Mouth Rot

Tenacibaculosis / Mouth rot / Yellow mouth
Tenacibaculum maritimum

Animal model: Atlantic salmon

Source of CAT isolates:  

Typical duration of study: 21-60 Days

Applications: Vaccines, functional feeds, physical barriers, environmental treatments, immersion treatments, benchmarking commercial treatment efficies, genetic selection/phenotyping

Type of model: Immersion

Clinical Signs of Disease in our Model: Mouth plaques, fraying of fins, scale loss, skin lesions, gill necrosis and haemorrhage

Challenge conditions: Salt water 25-36 ppt

Other end points: Semi-quantitative gross path scoring

Starting Fish Size: 50-300 grams


A severe example of pathological presentation of mouth rot in an Atlantic salmon. Classical mouth plaques and haemorrhage can be observed within the mouth, swelling and necrosis of the gingiva can also be observed.


The aetiological agent of Tenacibaculosis (or yellow mouth) Tenacibaculum spp. infects multiple finfish species around the world. Tenacibaculum spp. are a major pathogen of sea bass (Dicentrarchus labrax), sea bream (Sparus aurata), turbot (Psetta maxima), and Atlantic salmon (Salmo salar L.). In Atlantic salmon, the disease and associated mortalities occur in smolts soon after transfer to sea and also in larger adults. While the disease exhibits a variety of pathological manifestations, yellow mouth lesions, fin erosion, and skin lesions are characteristic of the disease.

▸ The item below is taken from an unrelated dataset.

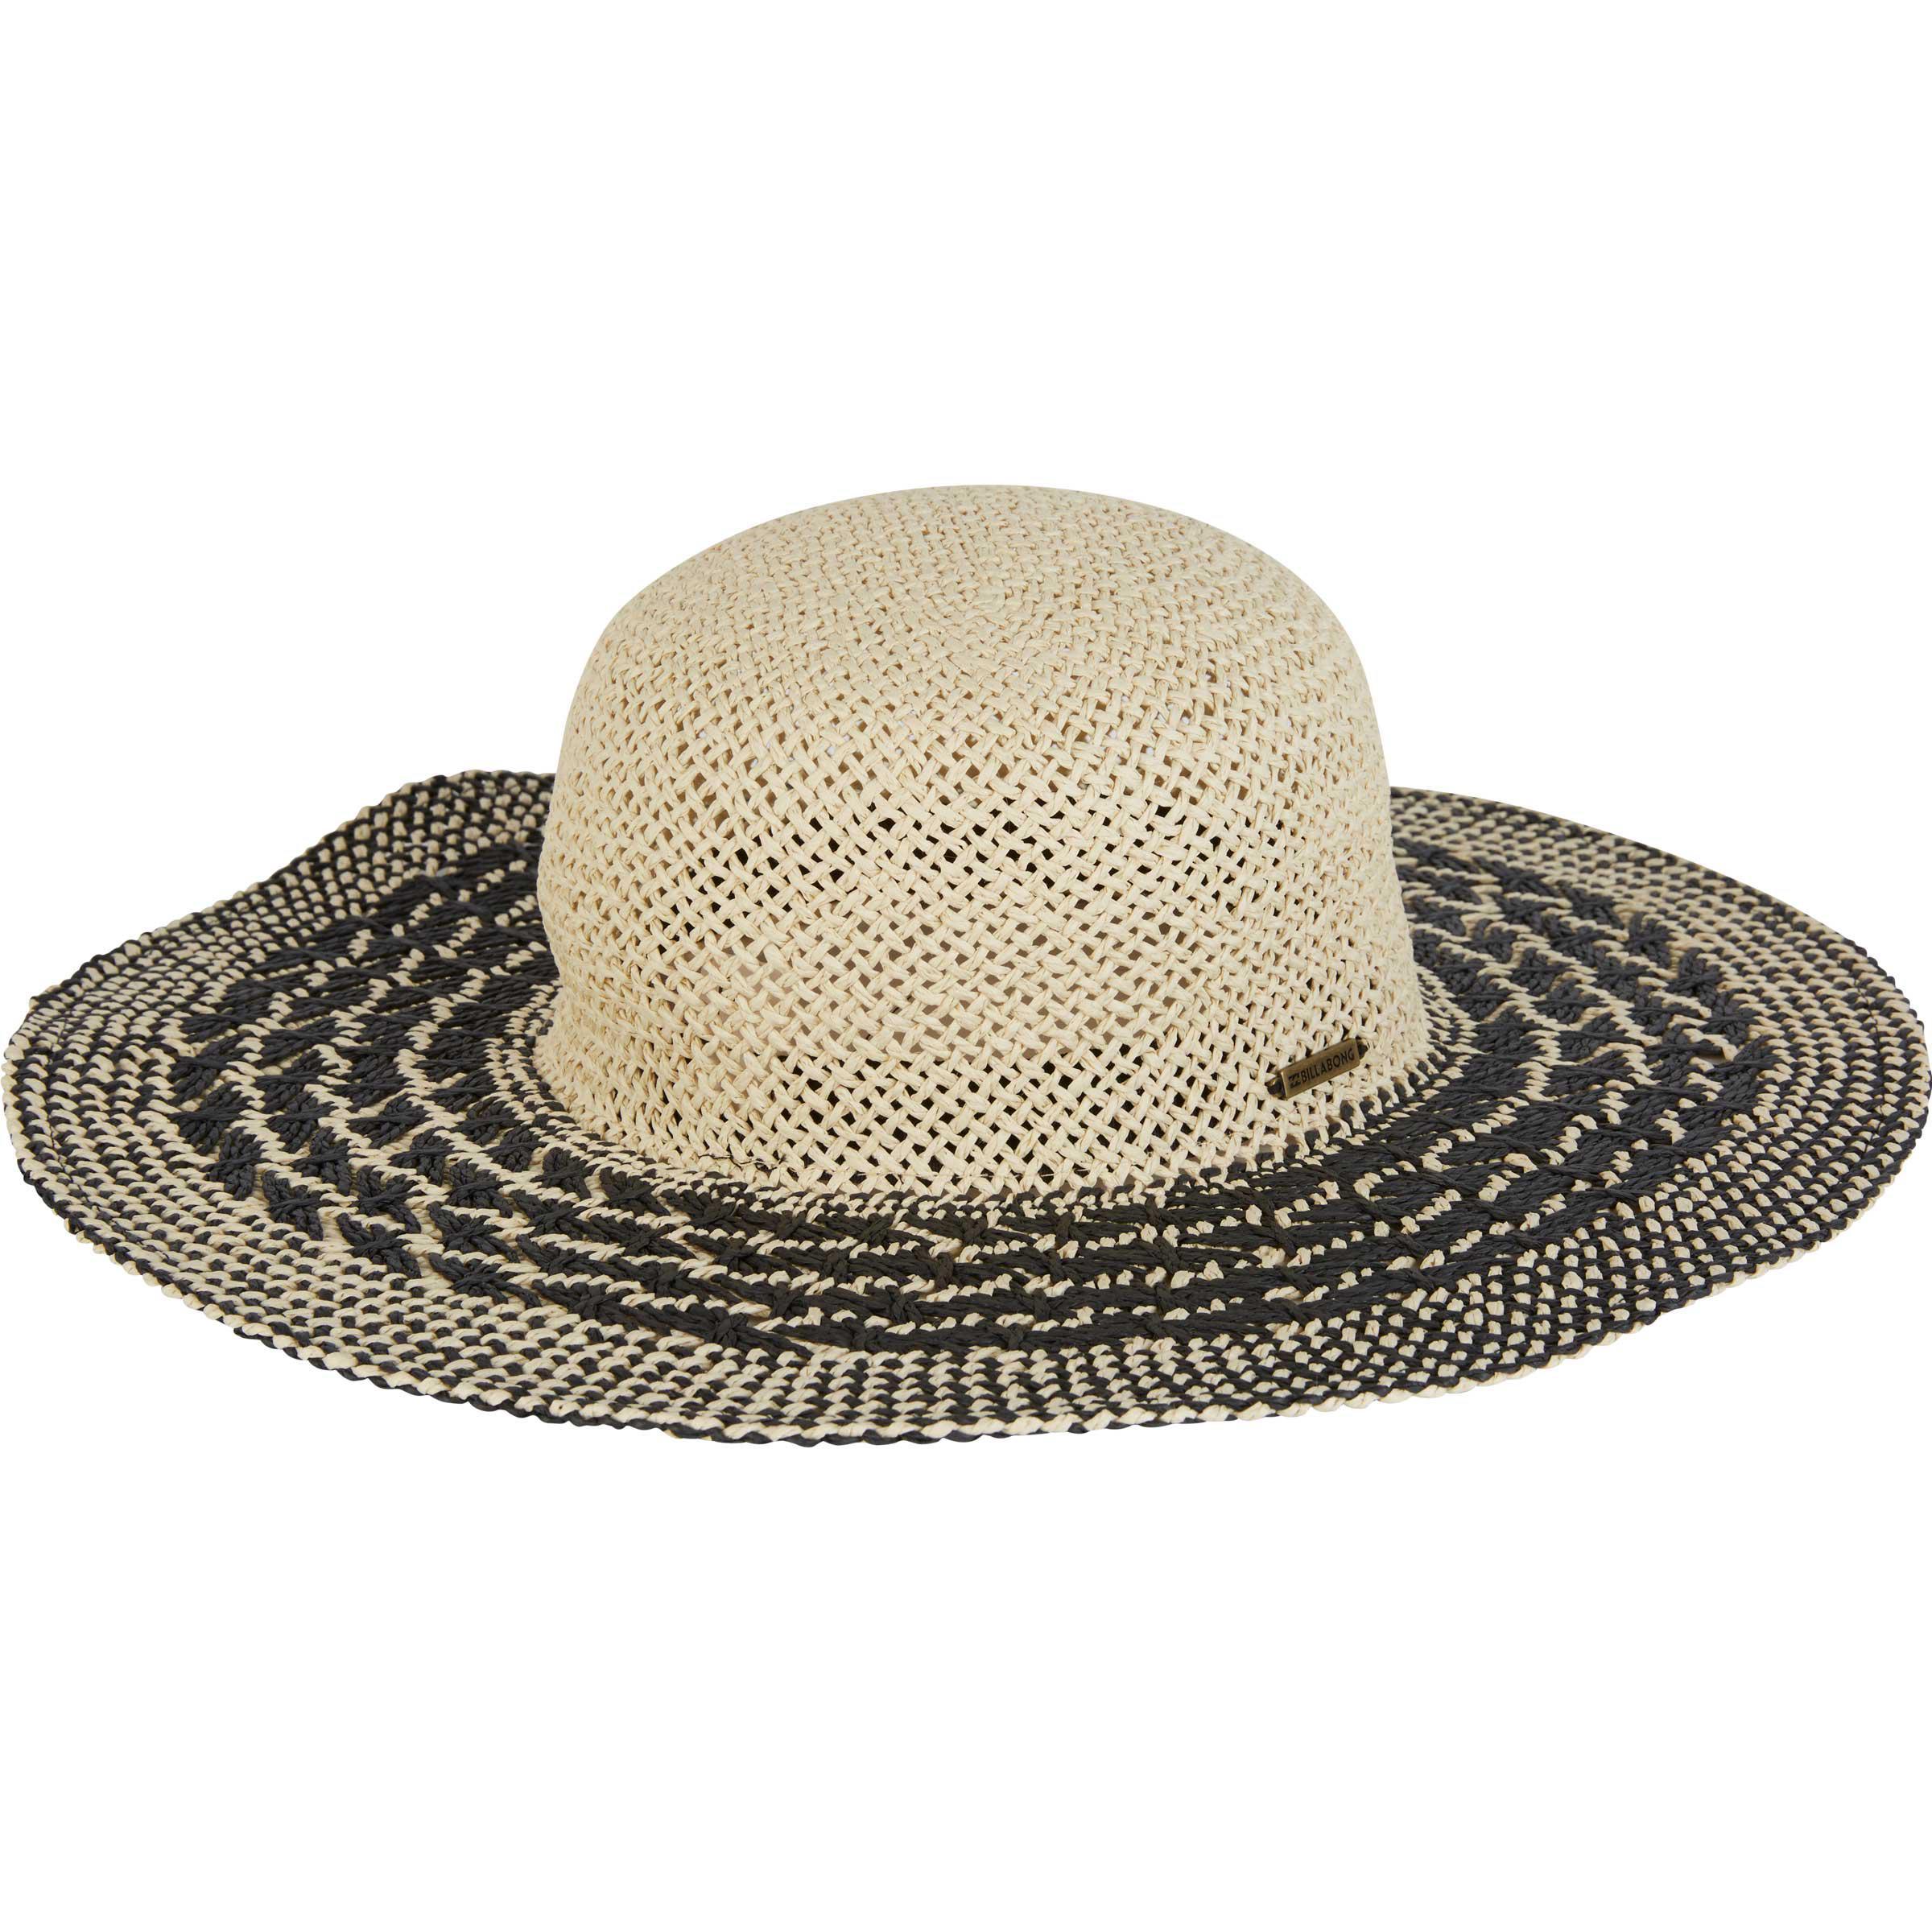 75d6bbfc4b695 ... coupon for billabong off black chasing the sun hat jpg 2400x2400  billabong cabana hat 0824b a65c6

In Canada, the disease causes significant losses to the industry and is a priority health and welfare issue with an annual cost for one Canadian company of $1.6 million/year. Moreover, instances of outbreaks in other geographical regions, e.g. Chile, Norway, and Scotland have increased in recent years which has escalated the research interest in the disease. Because there are no commercially available vaccines against Tenacibaculum licensed for use in salmonids and, since farmers are working to reduce their reliance on the therapeutic use of antibiotics, there is a strong need to identify alternative effective treatments.

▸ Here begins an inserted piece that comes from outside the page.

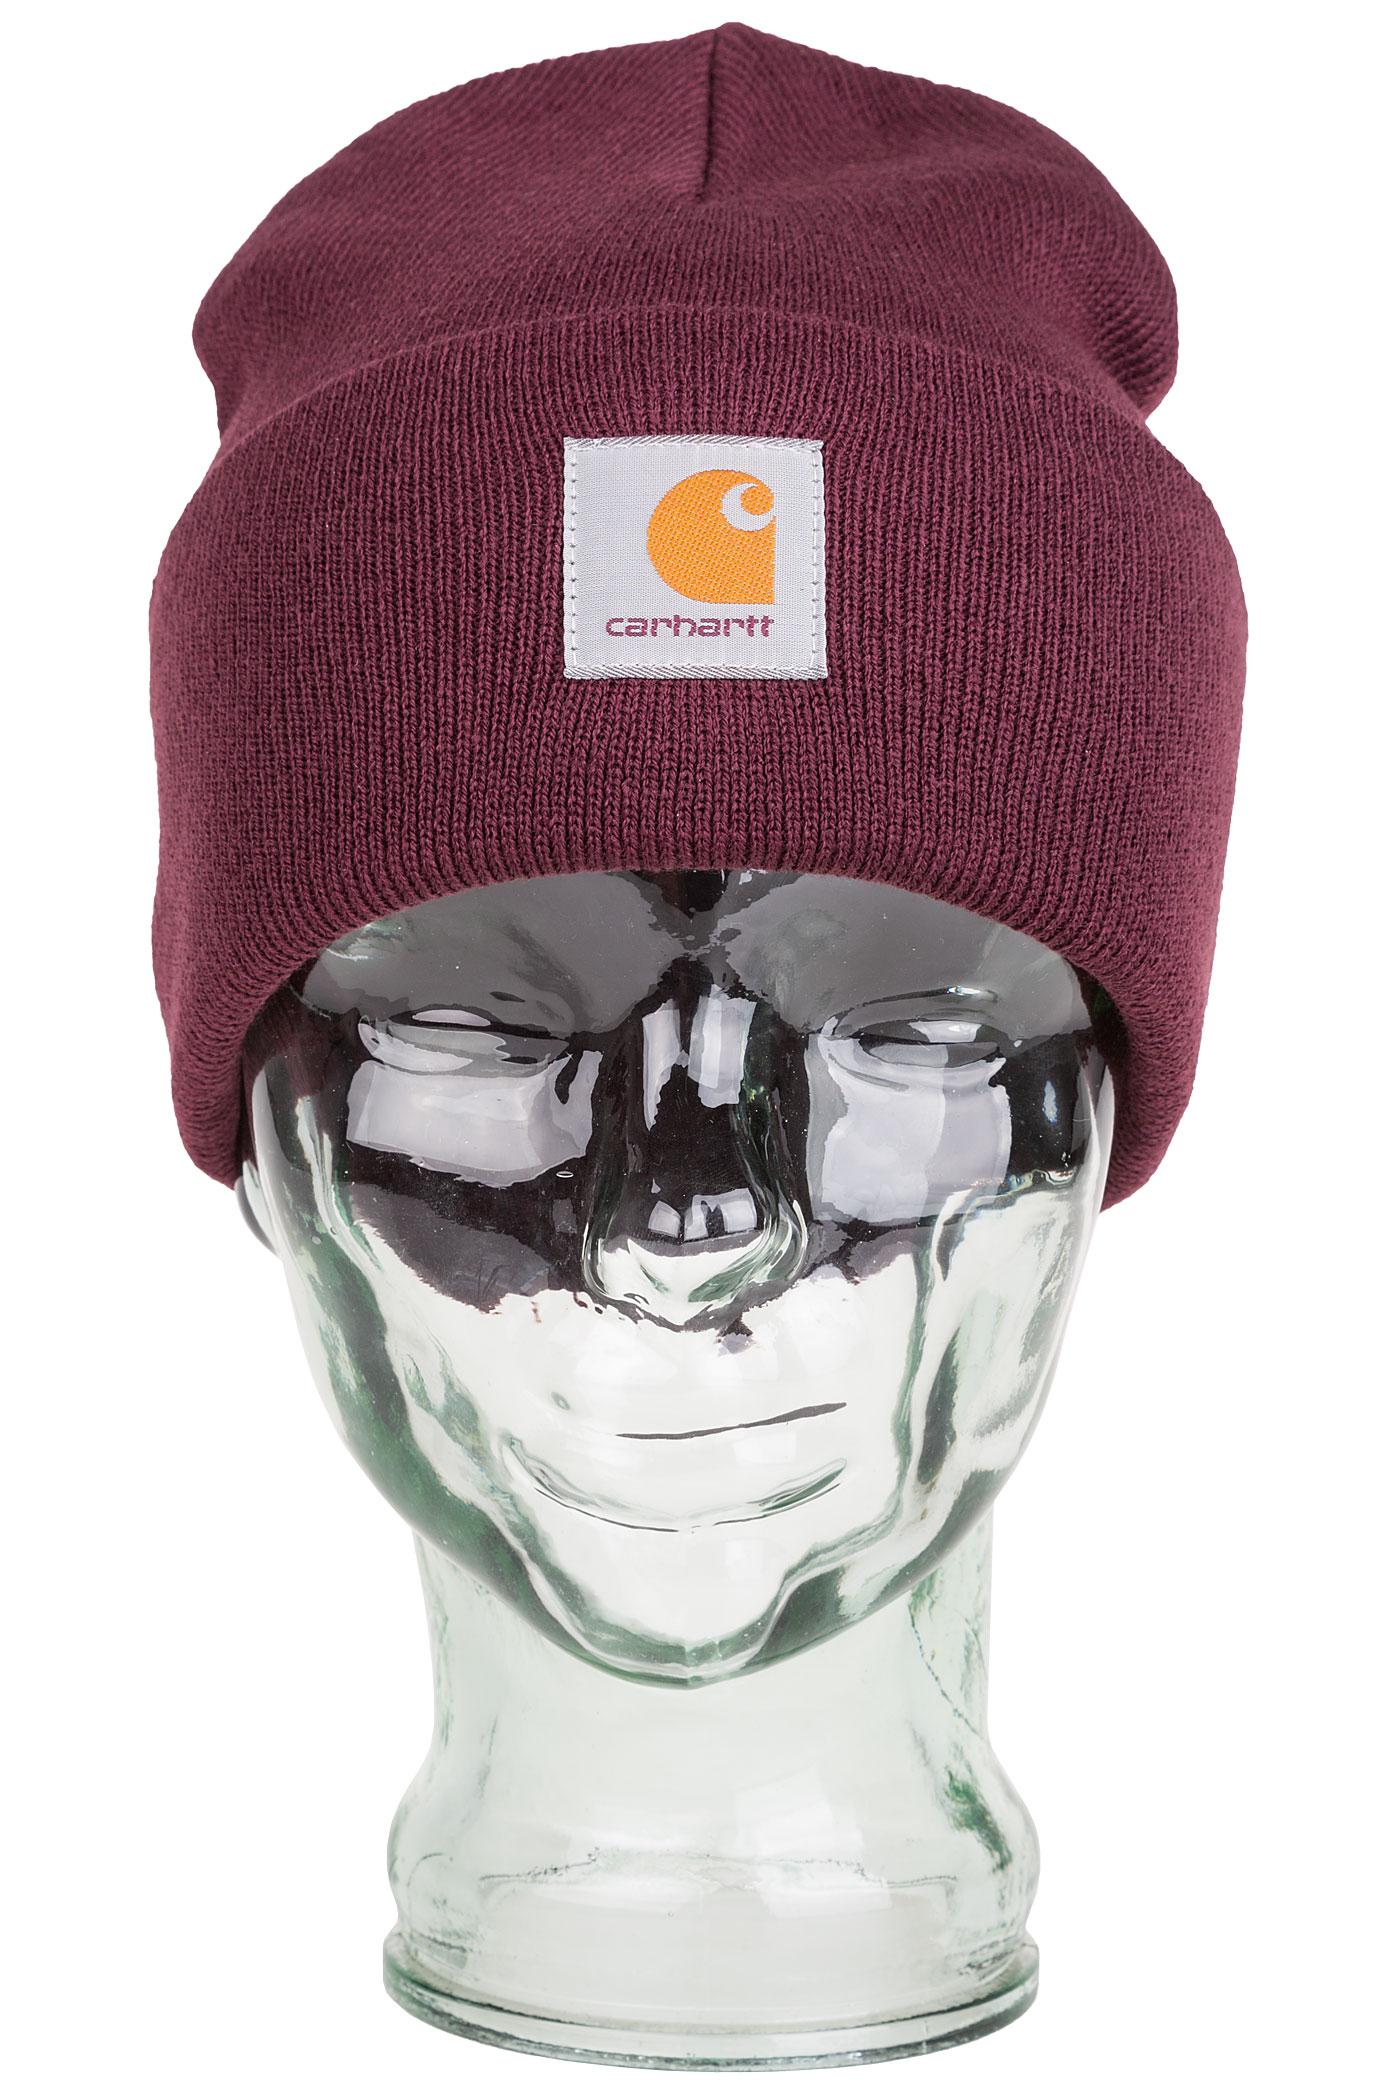 Carhartt WIP Acrylic Watch Bonnet (chianti)

Representative survival curves obtained during T. maritimum challenge

The Tenacibaculum disease challenge model developed at the Center for Aquaculture Technologies has been designed to assess the efficacy of treatments administered prior to and/or after infection with Tenacibaculum by immersion. Execution of the challenge model can be tailored to deliver both acute and chronic infections; this flexibility enables CAT to evaluate different types of treatments. For instance, during the peak of clinical disease, it is very common for fish to reduce feed intake significantly. Therefore, in addition to a pre-challenge feeding period, the model can be designed to mimic pathologies and mortality levels characteristic of chronic infections when testing functional feeds. In addition to traditional end-point measures, the CAT team recommends periodic sampling for assessment of gross pathology using a semi-quantitative scoring system and collection of tissue samples for molecular and biochemical analysis.